I think its finally done
Sunday. 6.18.06 11:58 pm
I think I've finally reached the goal that I've been trying to reach for the past year. I think I'm finally over David. When I work with him I don't feel anything towards him. When I talk to him, there's nothing there. I don't think about him outside of work. I don't think about going out with him anymore. And even more importantly, I don't really give shit when he hugs one of the other girls at work. I don't care whether he likes them or not. Its just not there anymore. Thank the Lord. I've been trying to get over him for over a year. And now its finally happened. It feels so good to not like him in that way. It actually feels really good right now to not like anyone. I'm very happy being single and I don't want to even think about getting invlolved with anyone.

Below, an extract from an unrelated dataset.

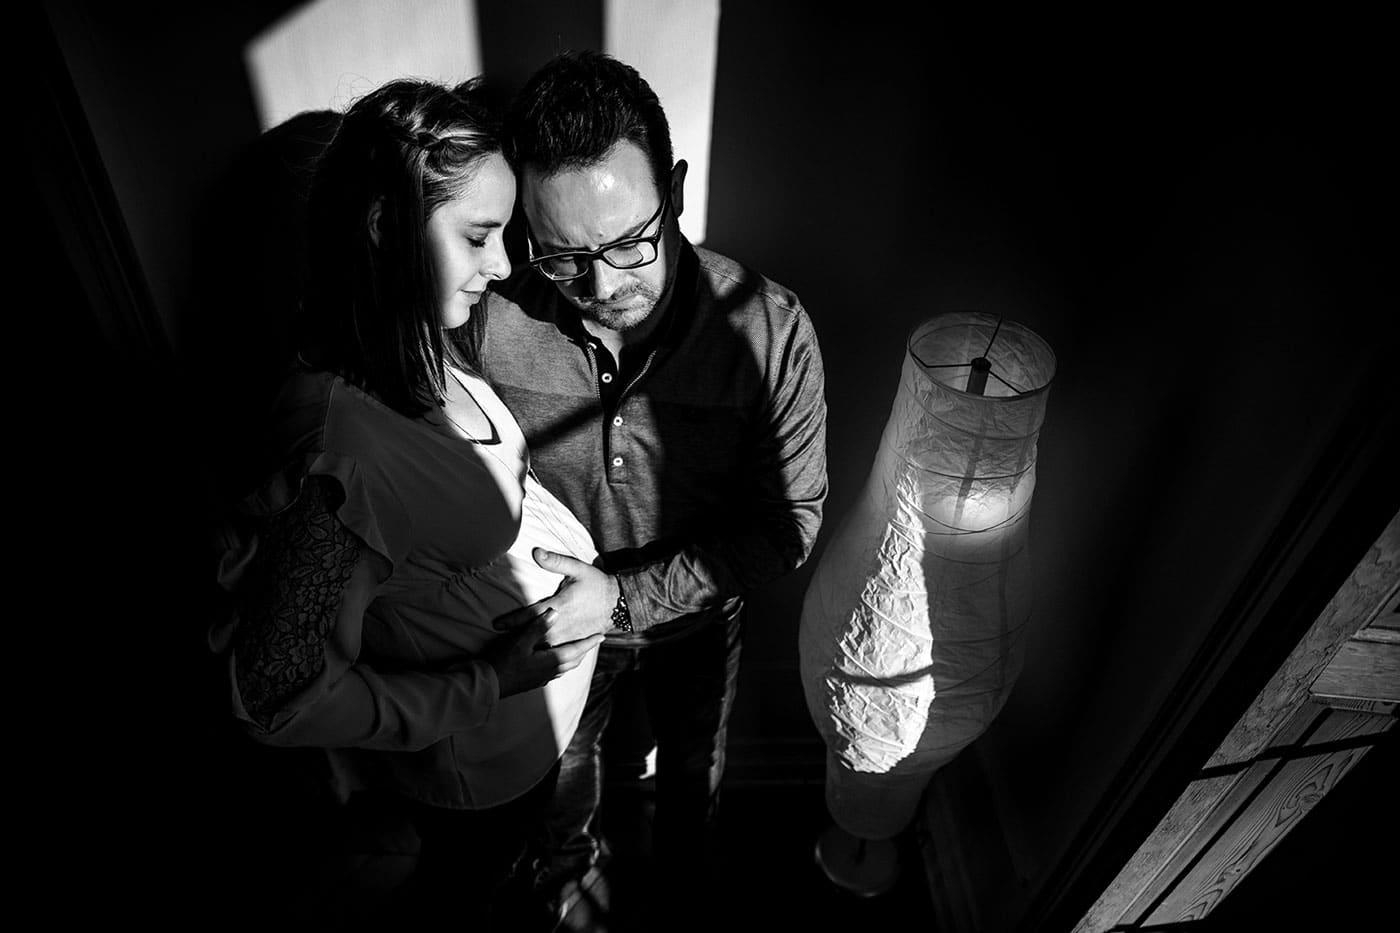 meilleur avis photographe de grossesse à Lyon Séance photo grossesse Studio Lyon Photographe séance grossesse home studio Lyon. Photographe grossesse Lyon. Photographe nouveau né Lyon
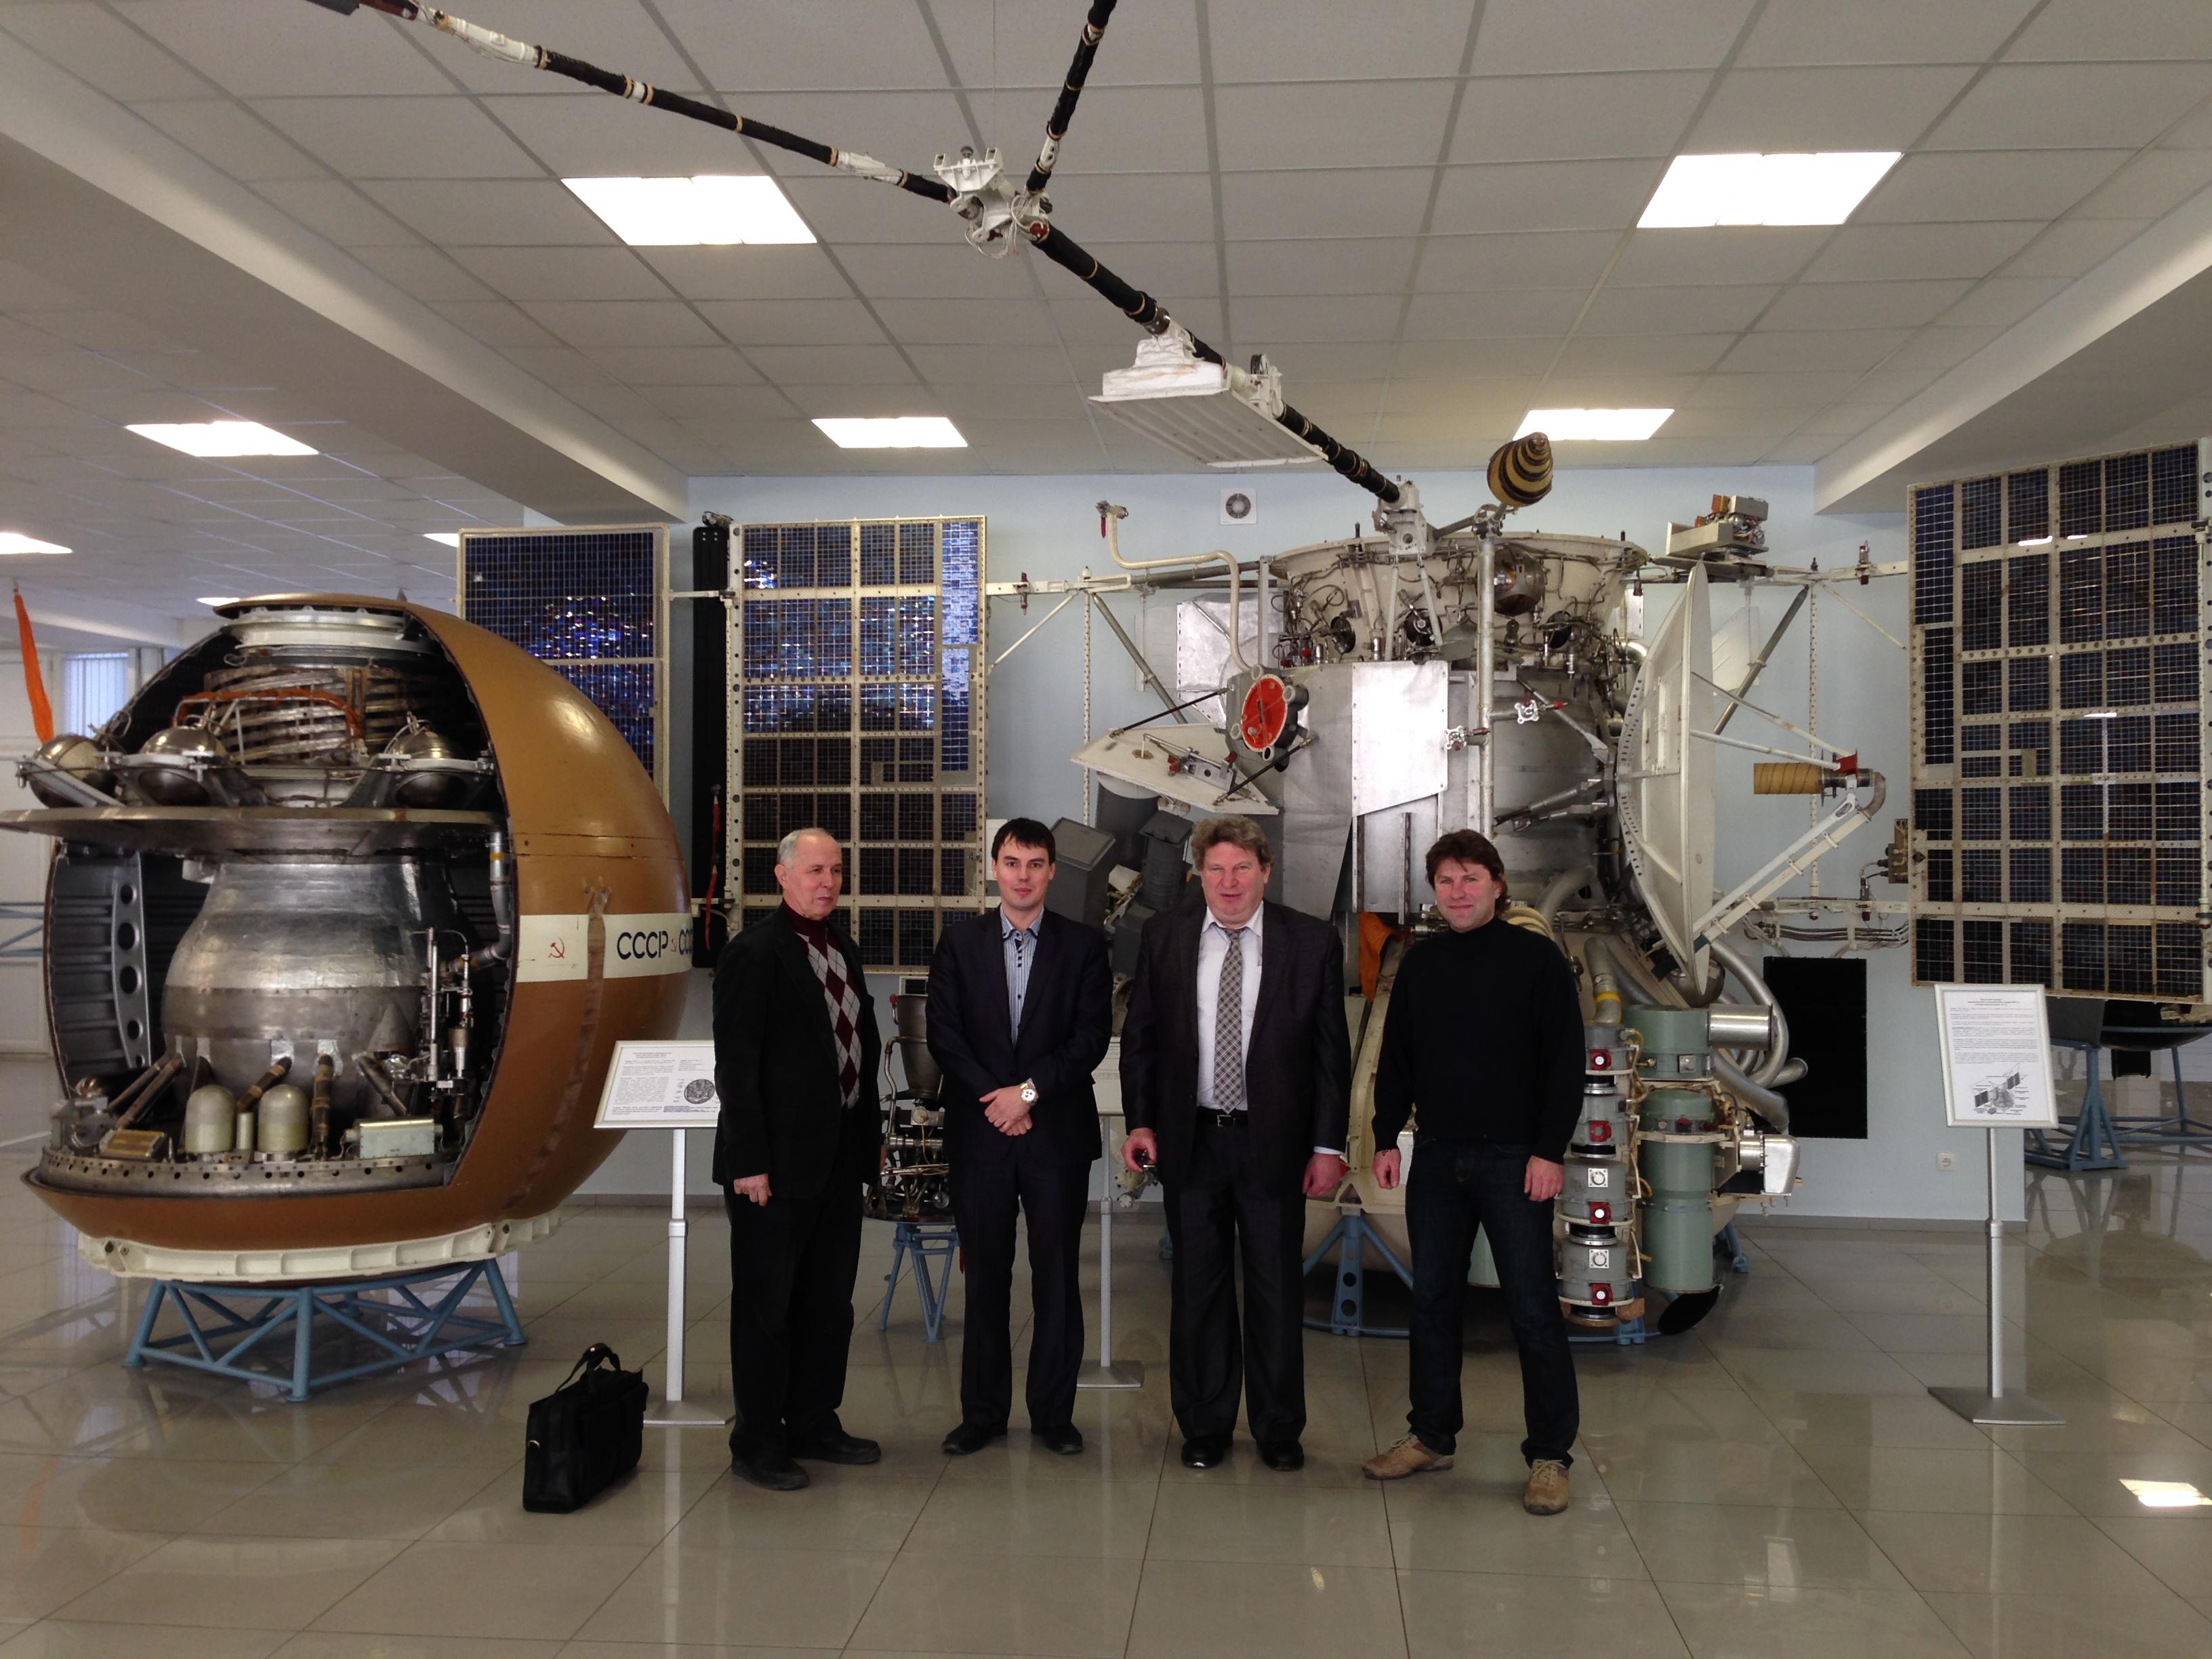 31 января 2014 года. Музей НПО-Л. XXXVIII чтения по космонавтике. Все вместе

Only one person and he's just simply in my dreams. Just for fun almost. And if you've read the other entries then you know who. I'll give you a hint: Tourgasm! I love that new 'documentary' series on HBO. All four of them are hilarious. If you aren't watching it you need to. I don't care if you don't like stand up too much cuz its not all stand up. Its like I said a documentary-type series. Anywho, I don't really have much else to say. I'll get on again sooner or later.
Thursday. 6.15.06 10:58 pm
I'm not sure why I suddenly don't like David, or why I don't want to talk to him or see him. I mean sure I still care about him, but I just don't want to have anything to do with him. Today kinda proved why I don't want to leave any of my shit up at work. He saw one of the stuffed animals that Lance had won and thinking it was mine he ripped its head off and hung it in the walk-in. I don't get it. What did I don to him to deserve this kind of treatment. The shit that I go through. Its not worth it anymore. I want to know a way to get him to leave me alone. But I have no clue how. Maybe if I ignore him, he'll stop. Then again same senario, he might do more shit to me to get attention. To get me to react to the shit he's doing. Whatever. I have to open tomorrow. I don't want to. Its money though. I don't know what else to say so I'll write again later.